Где-то совсем рядом — и в то же время бесконечно далеко — слышались возбуждённые испуганные голоса, мельтешили синие офицерские мундиры и серые солдатские шинели. Где же помощь, дьявол их всех раздери? Ещё немного — и руки не выдержат. Хозяина земли Русской, словно муравья сапогом прохожего, раздавит бездушное железо. И всё, и не станет Александра…
Нет, нельзя… Цесаревич ещё не готов править огромной великой страной. Без твёрдой царской руки государство обречено утонуть в хаосе, воровстве, бунтах. Оживится придворная камарилья, начнётся грызня за регентство, поднимут головы притихшие народовольцы. А уж как обрадуются в Европе!
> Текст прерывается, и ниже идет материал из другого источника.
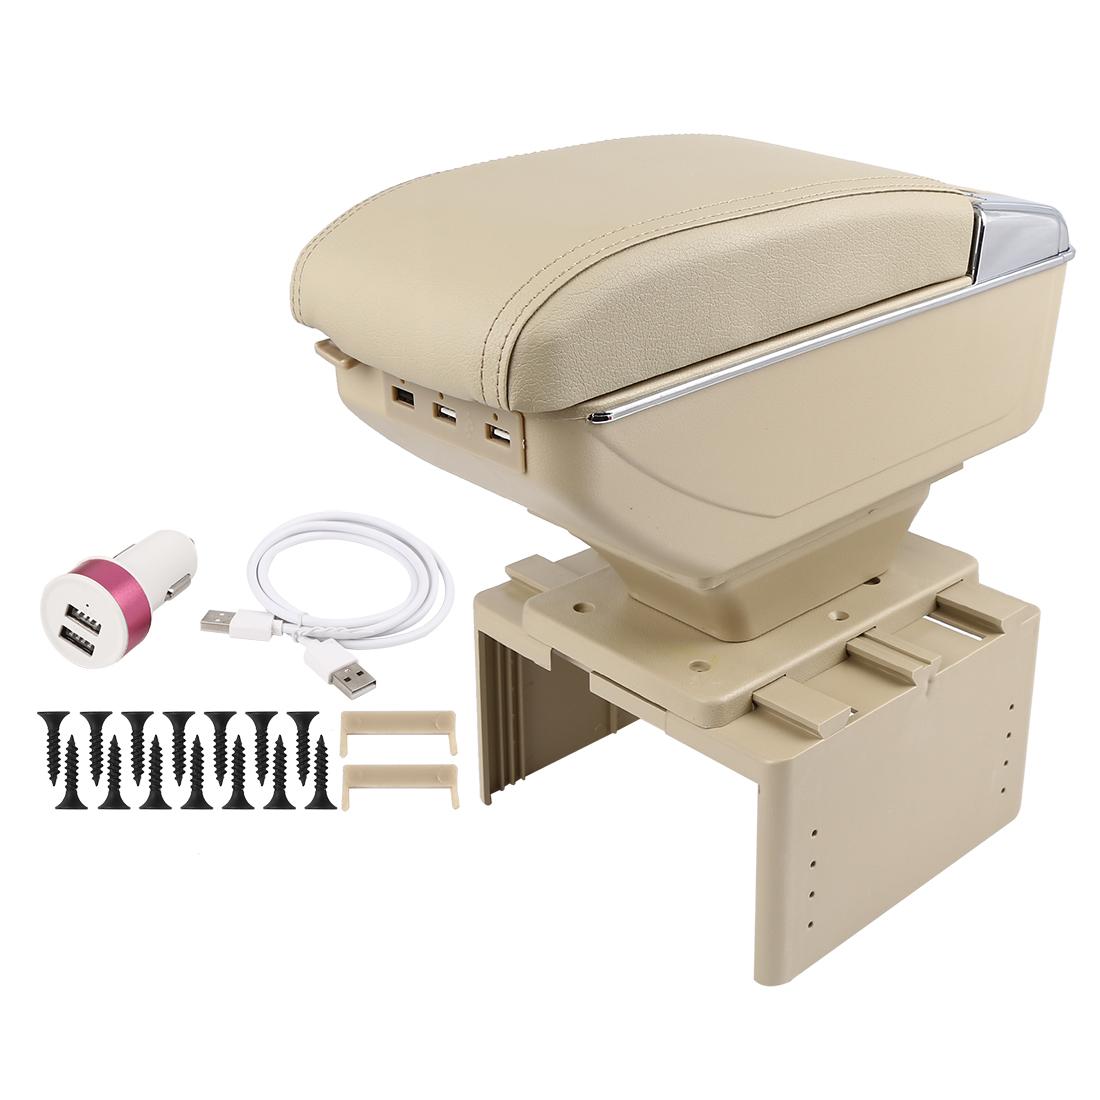 Universal Adjustable Single Layer Design Car Center Armrest Box w/ LED 7 USB

Там от века всякая русская беда, — как по сердцу мягкой тряпочкой. И чем больше беда, тем тряпочка мягче. «Господи, не попусти осиротить детей и державу… Да ещё так нелепо…» Мысли хаотично скакали в голове, сознание туманилось, время словно остановилось.
Когда прибежавшие солдаты дежурного взвода, соединив усилия, зацепили, подняли и отбросили на высокую насыпь исковерканную крышу, Александр ещё несколько мгновений стоял в позе Атланта, словно не мог поверить в спасение. И лишь потом грузно осел на пол, тупо уставившись на израненные в кровь руки, спасшие стольких людей.
— Воистину самодержец, — пробормотал он, сам себя не слыша.
России только ещё предстоит узнать о крушении царского поезда и чудесном спасении венценосной семьи возле станции Борки. Лишь завтра расскажут российские газеты о подвиге императора, достойном былинного богатыря. Восхищение людей отвагой и силой своего государя впереди.
Но уже знает обо всём некий человек в Санкт-Петербурге. Уже он скомкал и сжёг невинную внешне телеграмму, присланную с неприметной станции близ Харькова и полученную через третьи руки. Сел в глубокое кожаное кресло у камина, угрюмо любуясь пляской огненных языков в каменном чреве и обдумывая ситуацию.
Из темноты выступила гибкая фигура, неслышно скользнула к сидящему у камина. Опустилась на ковёр у ног. Прижалась щекой к колену. Тишину гостиной нарушил тихий вопрос:
— Ну что там?
Человек погладил светловолосую голову и так же негромко, с прорвавшимся бешенством в голосе ответил:
— Не удалось…
Глава первая
Аскетическая внешность обер-прокурора Святейшего синода Победоносцева могла ввергнуть в трепет любого еретика. Высокий, болезненно худой, отличался Константин Петрович бледным лицом с тонкими губами и непреклонным взглядом глубоко посаженных глаз. Его репутация мудрого государственного мужа была безупречна, близость к императору общеизвестна. И лишь немногие знали, насколько мягкосердечным и великодушным может быть суровый с виду сановник.
Одним из таких немногих был Сергей Белозёров — известный столичный художник, а в недалёком прошлом поручик Киевского гусарского полка. Несколько лет назад Белозёров по заданию Победоносцева выяснял, почему солдат гатчинского гарнизона, несущих охрану царской резиденции, внезапно поразила эпидемия безумий. Разобрался, спас Александра Третьего от невероятно дерзкого покушения, но при этом получил пулю, предназначенную для самодержца. Тогда Сергей выжил, можно сказать, чудом, и чудо это звалось Настенька, — в ту пору невеста, а ныне горячо любимая жена. Она две недели не отходила от больничного изголовья, ухаживая, поддерживая, ободряя…
Так вот, Победоносцев. Разглядев в Сергее художественный талант, он убедил императора послать Белозёрова на учёбу к итальянским живописцам. Спустя два года бывший гусар вернулся в Россию уже сложившимся мастером. В короткое время он буквально ворвался в художественную элиту столицы, стал востребован и популярен. Этому в большой степени способствовало явное благоволение к Белозёрову со стороны обер-прокурора и, пуще того, императора. Гатчинское дело строжайше засекретили (были на то серьёзные поводы), поэтому о причинах высочайшей поддержки общество могло лишь гадать. А ведь всё просто: Александр спасителя не забыл. Благодарный монарх не только сам приобретал полотна Сергея (которые того, безусловно, стоили), но и рекомендовал Белозёрова членам царской фамилии.